С Сашкой мы встретились через пятнадцать лет, в отпуске, дома, на Смоленщине; был он беспартийным, но все ж инженером, я на двух кафедрах читал лекции по молекулярной биологии и анатомии, мы оба приехали в отпуск навестить родителей, и так вот — снова была весна — прямо посреди улицы и столкнулись; пошли к школе, на речку, он, дурачась, заговорил по-немецки, я, считай, без акцента, ответил, Саша засмеялся, и вдруг брызнули детские слезы обиды. Вечером мы напились и пошли воровать яблоки в колхозный сад, хрипя в темноту фрицевскими окриками…

А еще через пятнадцать лет Сашка уехал в Германию. Он прислал письмо, говорил, Совка больше терпеть не может даже главным инженером, писал, что устроился на автомобильный завод и звал к себе, а не сидеть здесь на пайках в наступающей чертовщине и голодухе; с кафедрой и двумя балбесами-школьниками на руках я, конечно, никуда не поехал, а навестил мать, больную и сгорбленную — она сидела на кухне, на скамье, с каким-то серым лицом, молча и чуждо смотрела на меня, когда я рассказывал ей о переворотных событиях в стране и как многие — вот и Сашка! — уезжают, спрашивал, не слышала ли она чего о провалившихся куда-то, как сквозь землю, ребят из моего класса. Она медленно шевелила лицом и руками, будто хотела встать или сказать что-то, но молчала, будто не желала ни с кем говорить.

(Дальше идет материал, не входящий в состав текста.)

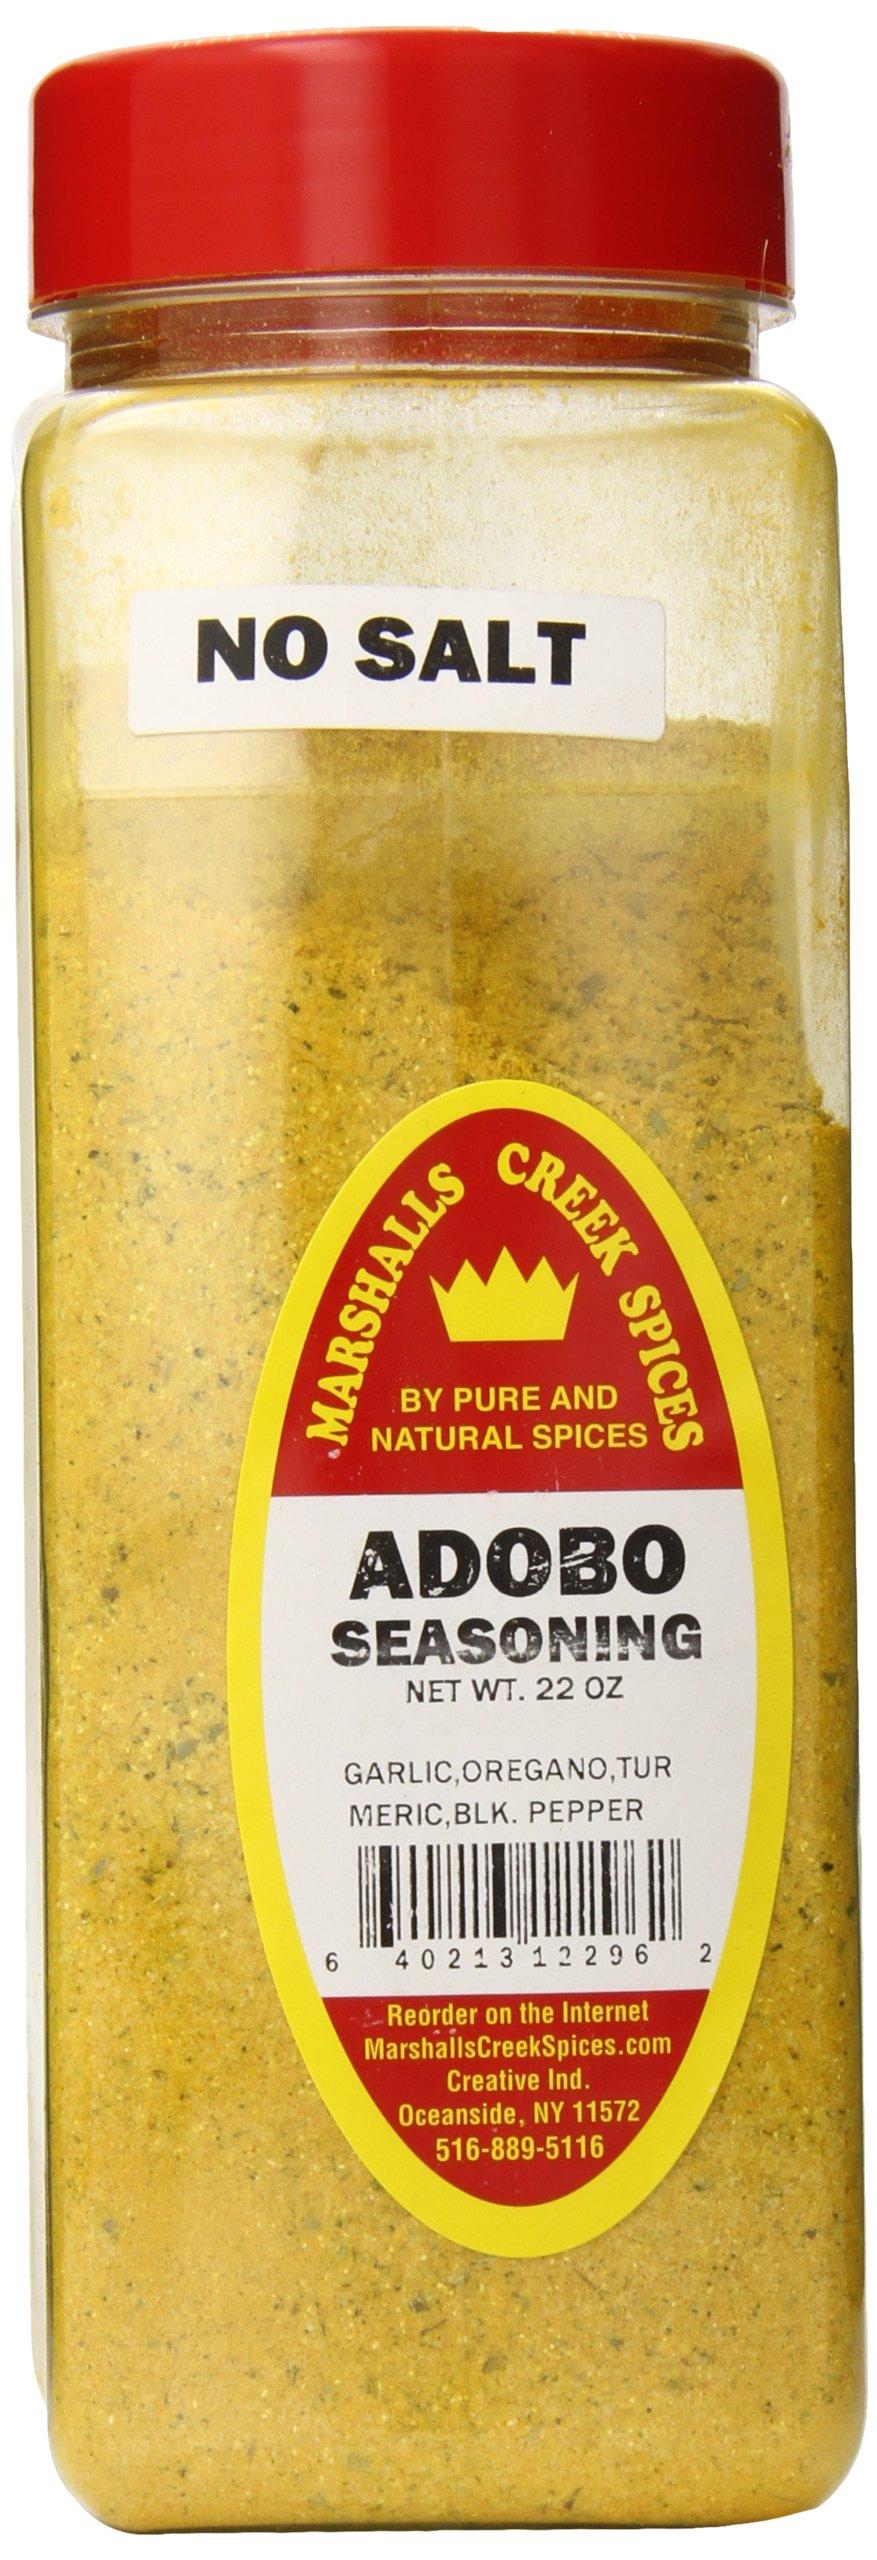 Marshalls Creek Spices Seasoning, Adobo, XL Size, 22 Ounce

Сашка устроился хорошо, все звал меня, и лет через пять я уже собрался, когда совсем худо стало, а за неделю до отъезда вдруг позвонили — мама умирает. И пока с Нижнего на перекладных до нашего поселка добрался, у крыльца уже стояла крышка гроба, в доме выли старушки-соседки, и я никак не мог подойти к ней, взглянуть, чтобы поверить, что ее нет.

После наскоро устроенных, бедных похорон я не мог вернуться в дом, пошел на обильную половодьем речку, смотрел, как белыми тюленями плывут льдины, зашел на грязный по весне школьный двор, где шпана снова кого-то гоняла, улюлюкая.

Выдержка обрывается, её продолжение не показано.